Marlowe has embraced a lifelong love for big band and swing music. She has appeared at festivals on both East and West coasts with the Los Angeles-based “Avalon Cats” swing band. Marlowe has also been a featured singer with South Bay Swing Band, a 17-piece traditional big band working California’s Bay Area and Central Coast. She recorded a CD titled “Uptown Stomp” with them.

Creative curiosity has led Marlowe to explore the realm of jazz, improvisation, arranging and composition with studies at the California Jazz Conservatory in Berkeley.  She has taken master classes with renowned vocalists/educators Kitty Margolis, Rhiannon, Bobbe Norris, Laurie Antonioli and Theo Bleckmann and celebrated producer/arranger Frank Martin.

Marlowe released her debut jazz CD “True Blue” in July 2012, co-producing with acclaimed pianist Larry Dunlap who crafted sumptuous arrangements and directed Bay Area A-list musicians on the CD to complement a songstress whose adventurous life embodies the art of reinvention, while her songs honor the integrity and deep legacy of the Great American songbook. Marlowe appeared at San Jose Jazz Summer Festival in August 2012 in a release concert.

“I moved on to doing professional (singing) work probably a little later than most people because I was working full time at the same time,” she said. “I was working in aerospace as a day job. Singers usually have to have a day job.”

She enjoys exploring improvisation because it opens up opportunities to discover interesting new directions where the music might move the performer.

“When you sing classically, you’re pretty much singing whatever is on the page,” she said. “And as you develop more improvisational skills, you’re working in a structure but you’re exploring creatively outside of what is written — and I love that.”

She encourages families who have never attended a symphonic concert to attend the South Valley Symphony’s opening season concert because it is a fun introduction to hear live music they’ll be familiar with from the film industry.

“I just think it’s going to be fun. I think people have an image when they hear orchestra and symphony — those words — that it’s going to be stuffy or something they’re not going to understand,” Marlowe said.

“Surprisingly, when I’ve done gigs and there happens to be young people at the venue which are family friendly, the kids are usually fascinated because they’re hearing things and their brains and their ears are taking this in as something new,” she said. “It’s not just the rap or the hip-hop that they’re hearing all the time as a backdrop to their lives. Any time that you hand them something like that, young people are usually pretty fascinated.”

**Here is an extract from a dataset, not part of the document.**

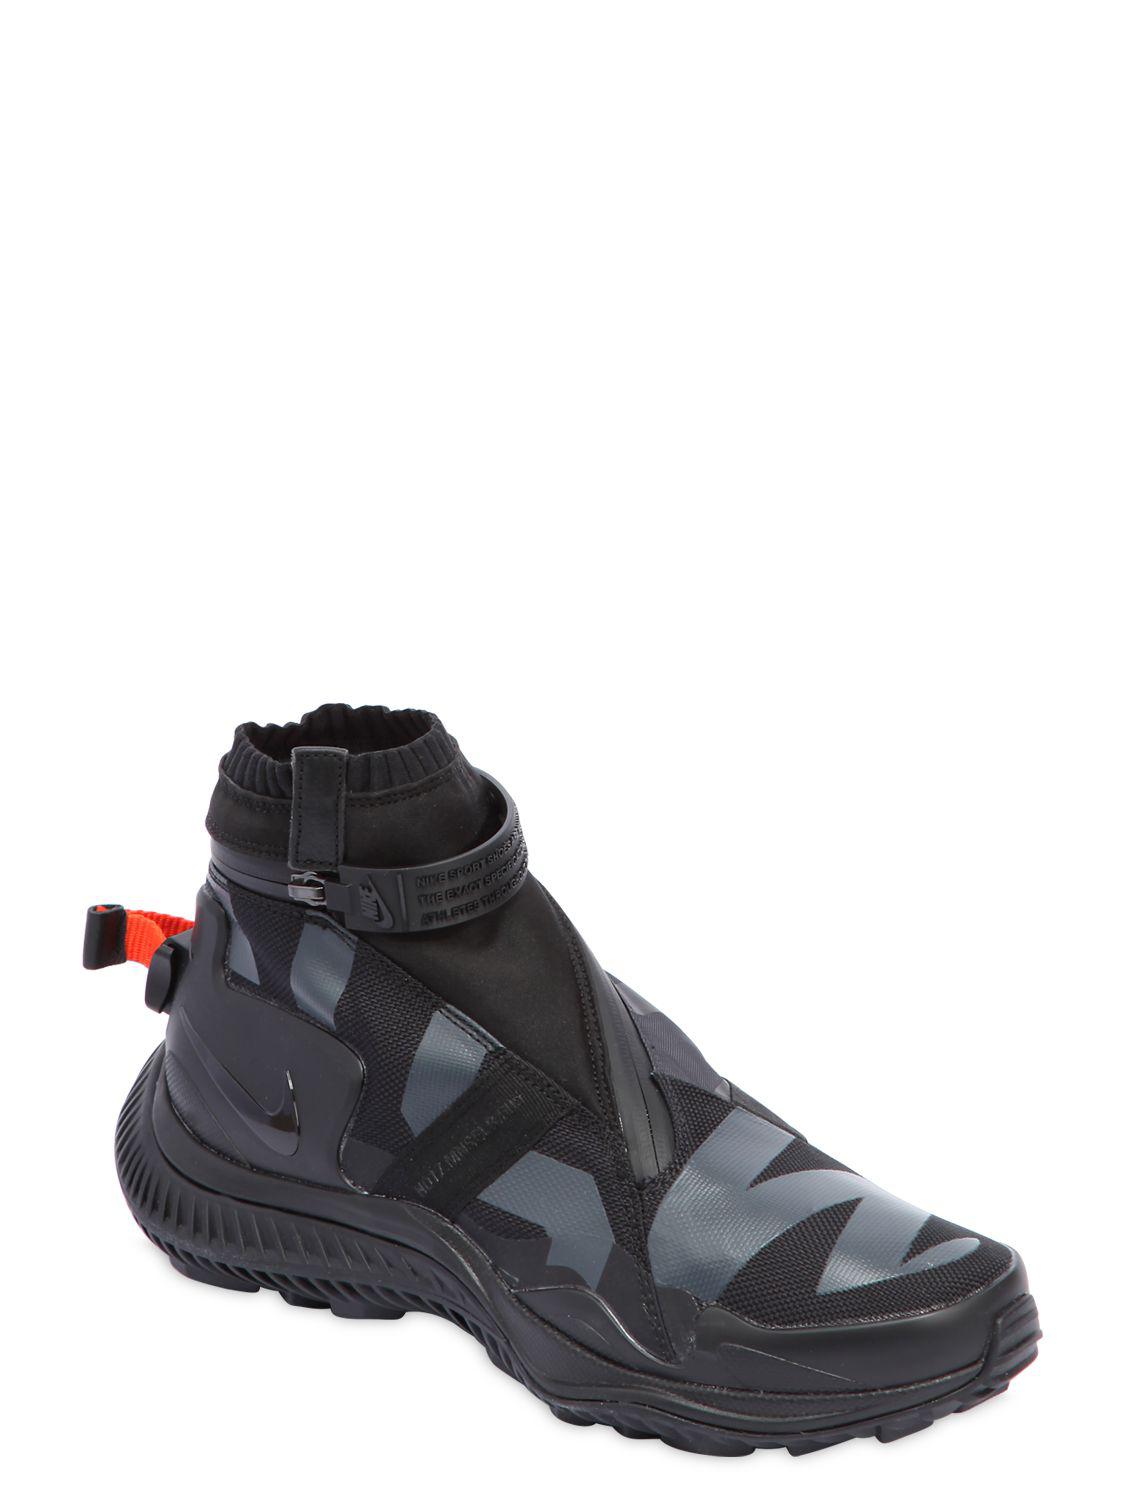 Lyst - Nike Acg.008.zpbt Waterproof Sneaker Boots in Black for Men

SVS music director and conductor Anthony Quartuccio is excited to create an amazing experience for the audience with Marlowe’s solo performance at the October concert.

“She just brings so much star quality to the stage,” he said. “I’ve just got to say, people are going to be truly entertained by her impressive singing voice and fun way of interacting with the audience and the musicians. Sandra is truly a treat I encourage people who enjoy good music to experience.”

Marlowe looks forward to returning to the South Valley and joining up with her friends here, many who are buying tickets for the concert, she said.

“The South Valley Symphony is a wonderful organization and the fact they’ve been around for 45 years is quite a testament to survival and really trying to promote arts in the community,” she said. “I’m really honored that they invited me to do this show.”